Dynamic label market shines in Colombia

Stability, strong economic growth and sustainability flourish in the gateway to Latin America.

Colombia has a strong claim to be the region’s most dynamic label printing market over the past two decades.

A period of political stability and strong economic growth saw foreign direct investment surge in the 2000s and 2010s, while a growing middle class drove a boom in consumer demand.

The local label industry sprang to life, with converters
– including many recent entrants to the sector, often coming from a background in sheet-fed offset labels or wider-format printing – investing heavily in new technology.

The growth and dynamism of the local market was captured perfectly in 2014 when Label Summit Latin America took place in Colombia for the first time and attracted record visitor numbers to Medellin, beating attendances in the much bigger markets of Mexico and Brazil.

Recent years have matched the experience of many countries in the wake of the pandemic: a surge in growth as economies reopened in 2021; a dip caused by supply chain issues in 2022; and lower-than-expected growth last year as inflation hit consumer demand and excess stock worked its way through the system. Nevertheless, many in the local industry are optimistic of improving market conditions.

Recovery

‘The graphic communication industry faced important challenges in 2023,’ says Tatiana Duarte, president of Colombian graphic arts association Andigraf. ‘Production experienced minor growth compared to the previous year, as was the case in other manufacturing sectors. In this context, it
is expected that the first months of 2024 will allow us to resume a path of growth – anticipating a coming year with greater dynamism, especially from the second semester. This aligns with the economic expectations in Colombia and with the Drupa 2023 report, which revealed a recovery in the global graphic arts sector generating positive expectations for the year ahead.’

Many in the local industry are optimistic of improving market conditions in 2024

An important driver in this optimism is an increasing focus on environmental sustainability. ‘Many of our affiliated companies have adopted greener practices, reducing their environmental impact and leading the way to a brighter sustainable  future,’ says Duarte.

‘Yupo is seeing double-digit growth in Colombia,’ says Alex Cruz, sales manager for North and South America at the synthetic material manufacturer. ‘Within Latin America, it is our second fastest-growing market. The sustainability benefits of in-mold labeling (IML) are the major driver – everyone is looking for more sustainable packaging, including Colombians.

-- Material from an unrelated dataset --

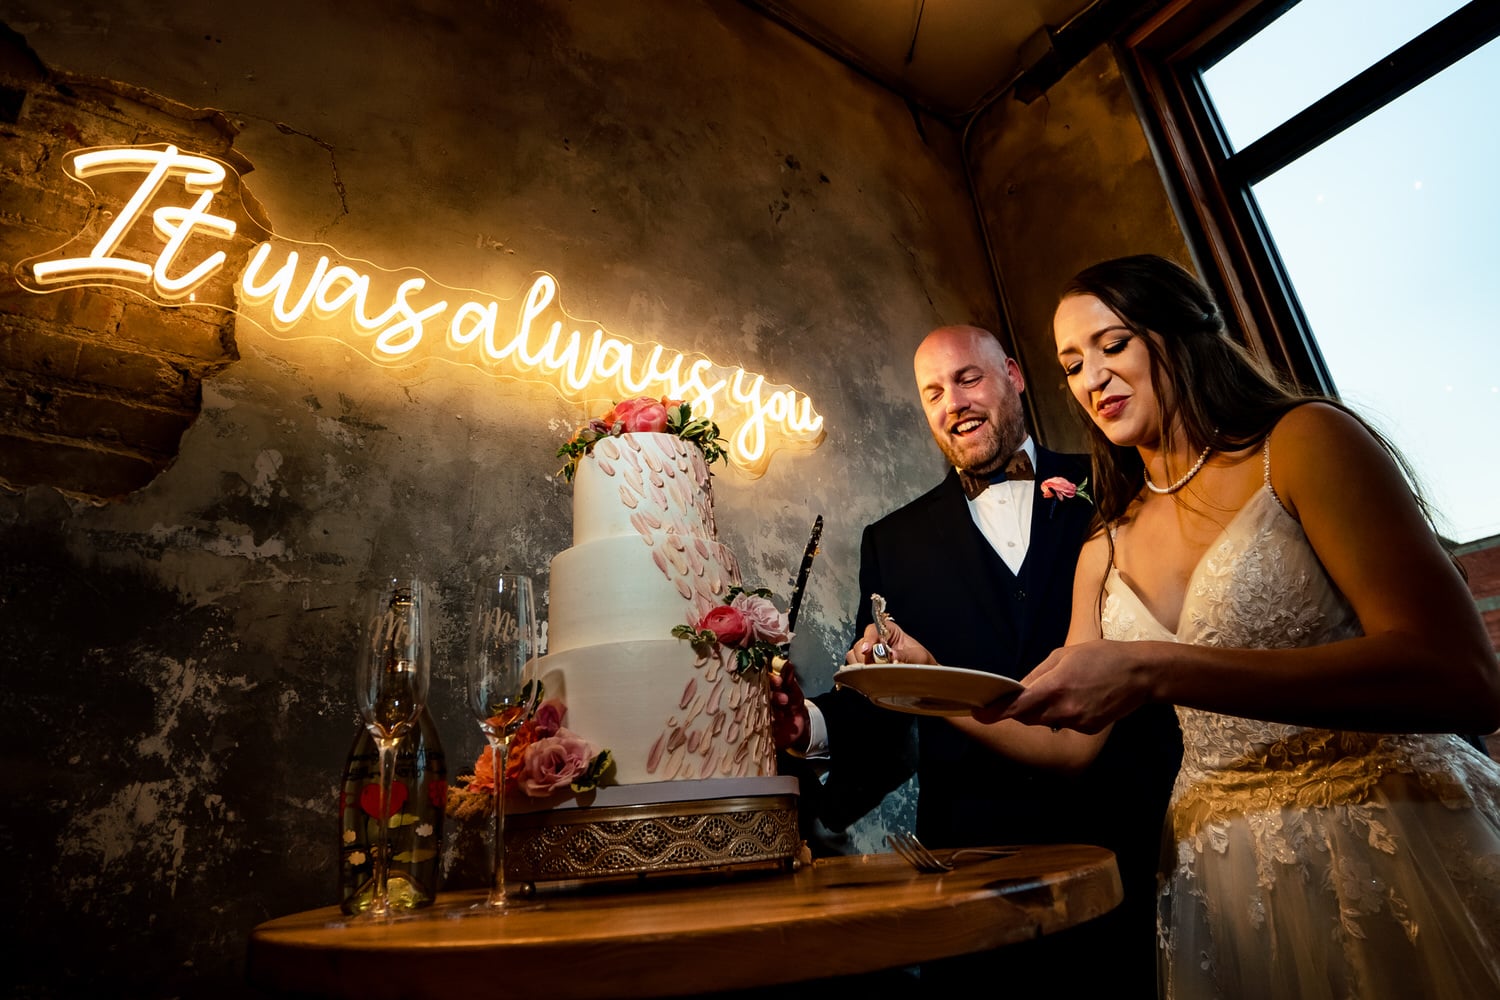 A colorful, candid picture of a bride and groom getting ready to feed each other wedding cake, a neon, "it was always you" sign visible behind them. 
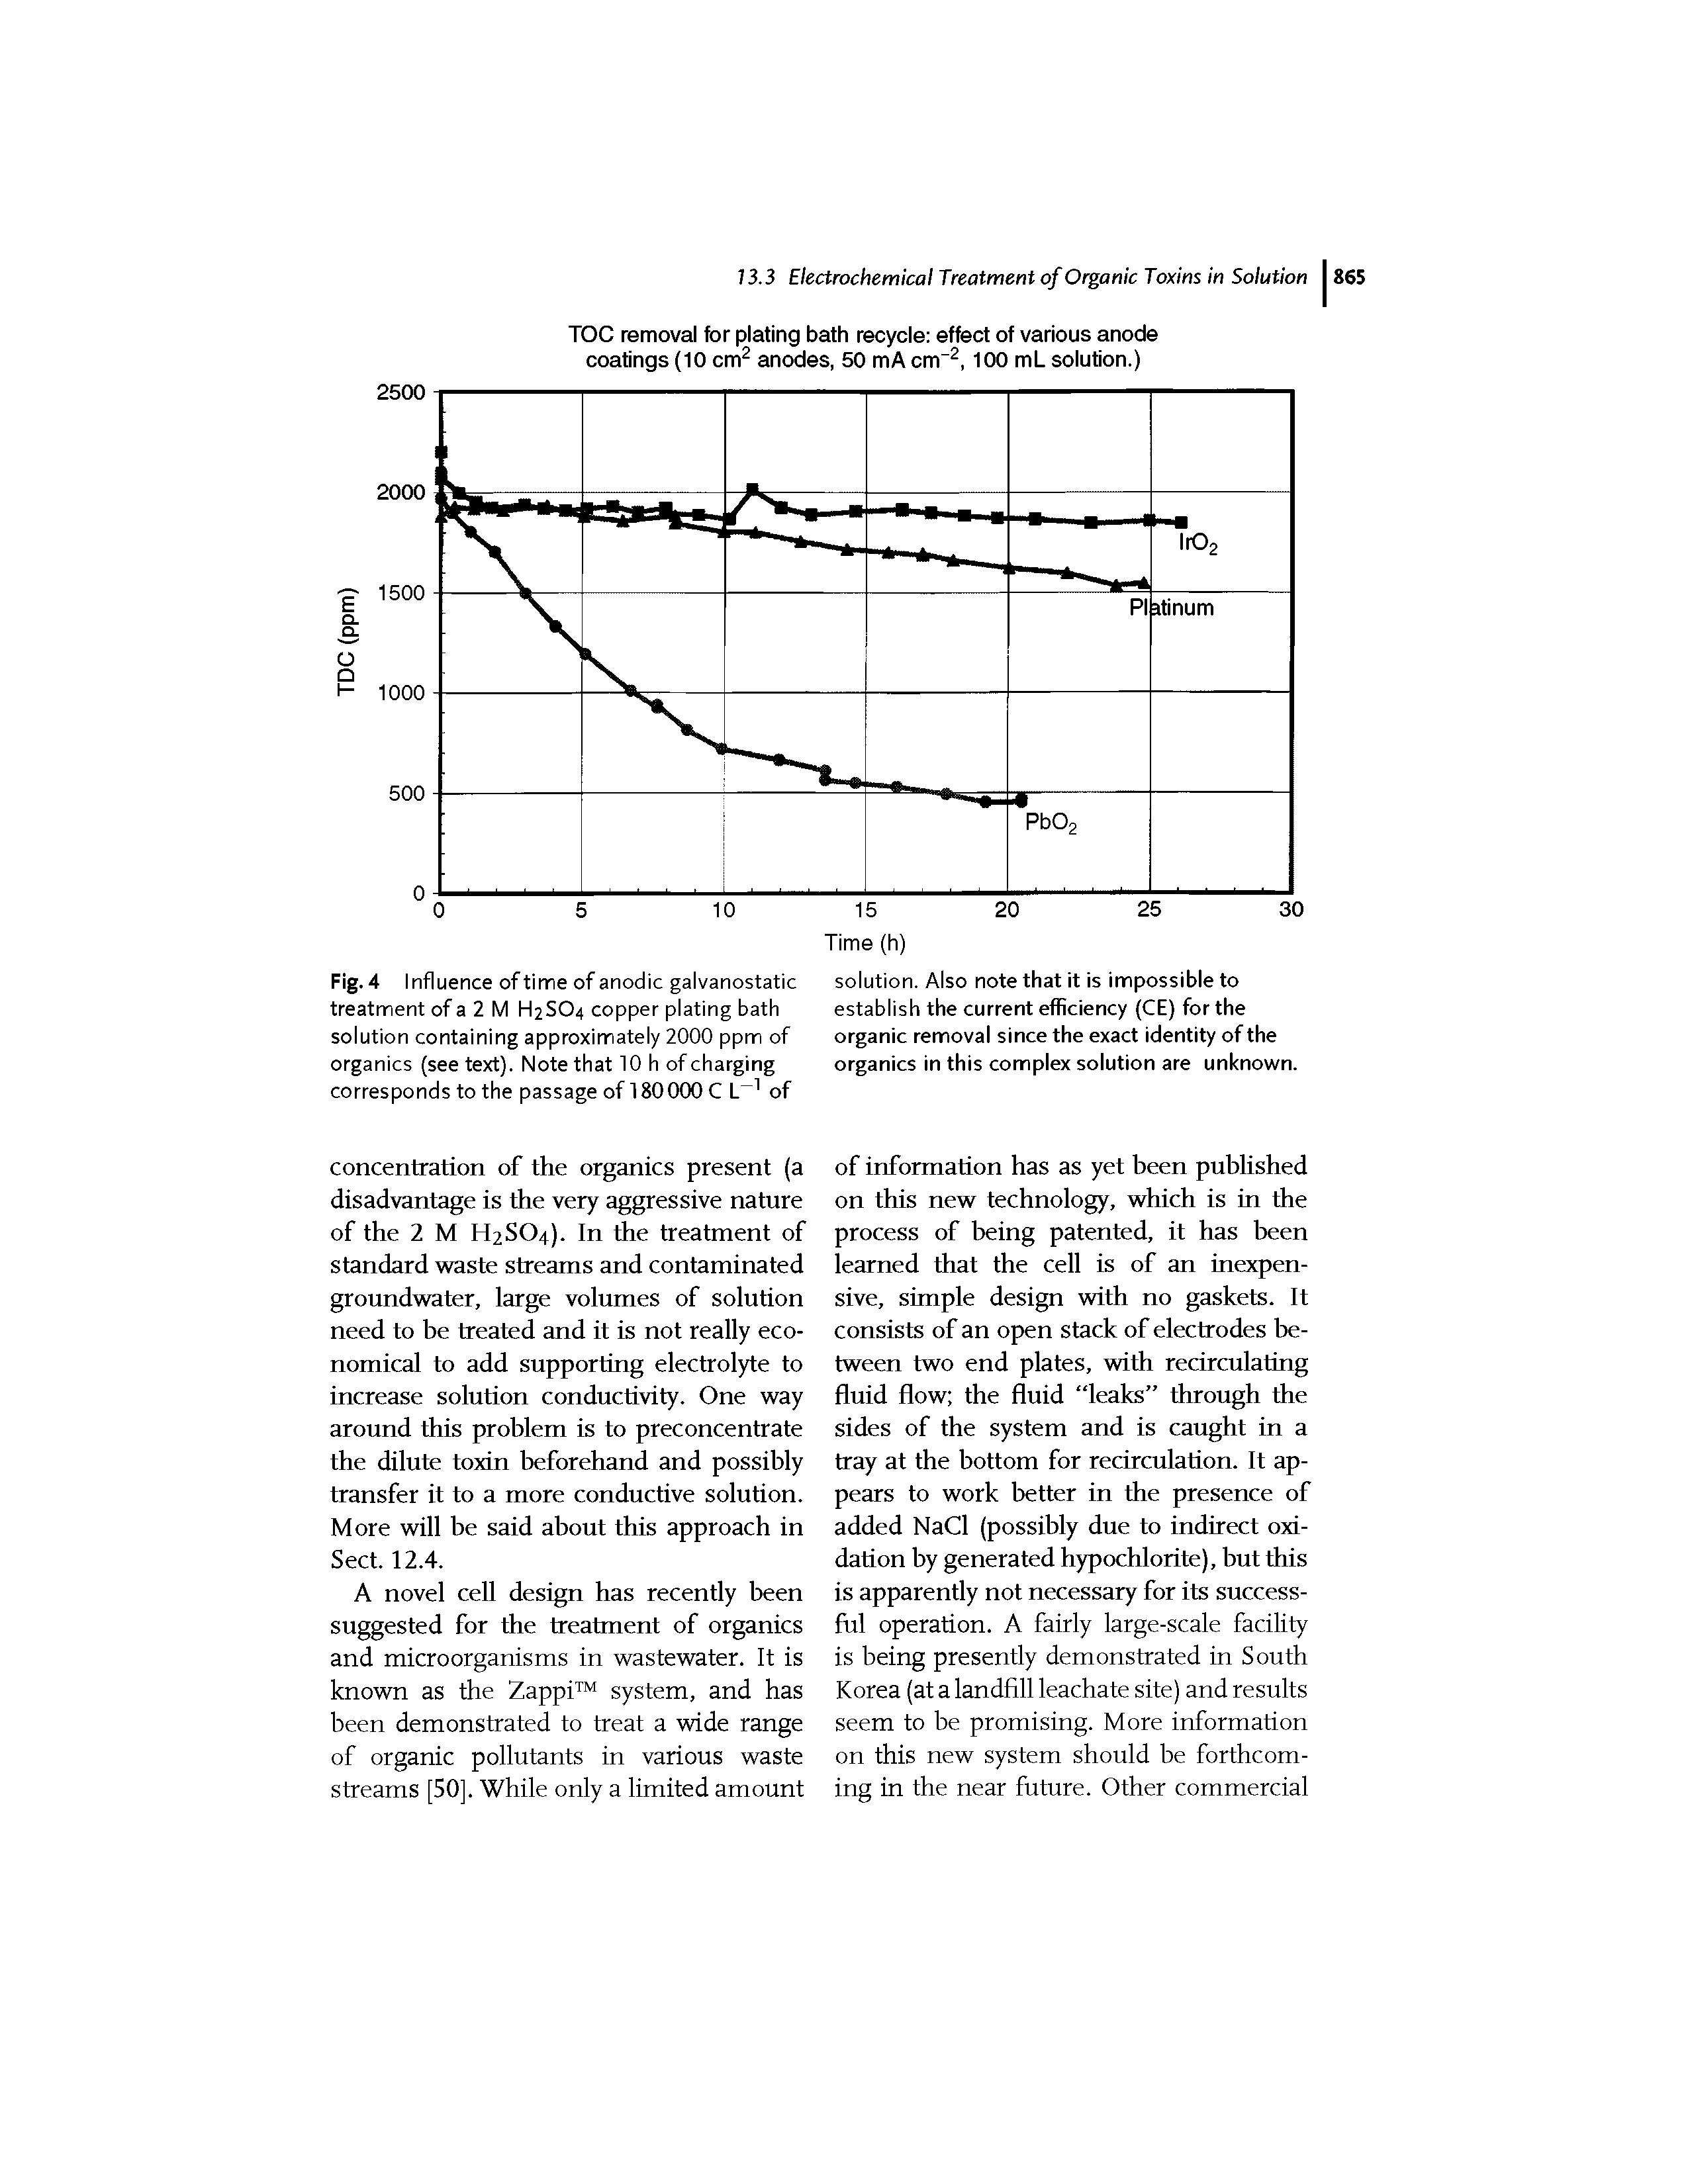 Fig. 4 Influence of time of anodic galvanostatic treatment of a 2 M H2SO4 copper plating bath solution containing approximately 2000 ppm of organics (see text). Note that 10 h of charging corresponds to the passage of 180000 C L 1 of...

‘IML is growing in the industrial sector, where we are seeing a shift away from direct print or wraparound labels and toward IML for its durability as well as its sustainability. And there is growth in cut and stack labels used in horticulture, which is a very important industry in Colombia.’

Arclad, the Colombia-headquartered self-adhesive material manufacturer, shares the optimism in its local market.

‘There was a reduction in demand in Colombia – and across Latin America – in 2023,’ says Carolina Jaramillo, Arclad’s marketing director. ‘Inflation impacted consumer demand and throughout the supply chain, companies began the year with high stock levels, having stockpiled following the shortages during the pandemic. For suppliers like us, there is also increasing competition from Asian manufacturers.

‘But there is a sense of optimism in the market and Colombia has always had a very dynamic label industry. There are lots of small businesses in the country and a strong culture of entrepreneurship. They know that their labels can’t just
be the cheapest option: They need to differentiate themselves from the crowd and showcase their innovation. Similarly, companies are paying much more attention to environmental sustainability, and they like the environmental performance of our sustainable materials.’

Jaramillo highlights growth in the private label sector as consumers, faced with high inflation, increasingly switch to cheaper goods to stretch their money further.

Though Mexico has been the primary beneficiary of the post-pandemic nearshoring trend – US companies wanting shorter supply chains which are at less risk of breaking down due to external events – Colombia too is well-placed to take advantage, believes Jaramillo. ‘Many of our customers in Colombia export labels to the US. Colombia is strategically located and this can provide more opportunities.’

John Vigna, Latin America sales manager for Mark Andy, says there is a lot of interest in hybrid technology. ‘Companies are keen to reduce costs and increase efficiency. There used to be a steadier flow of orders from the country but that has slowed a little recently, and across the Andean region in general — mainly due to politics. Companies are a bit more cautious and are waiting before investing. But that always changes eventually.’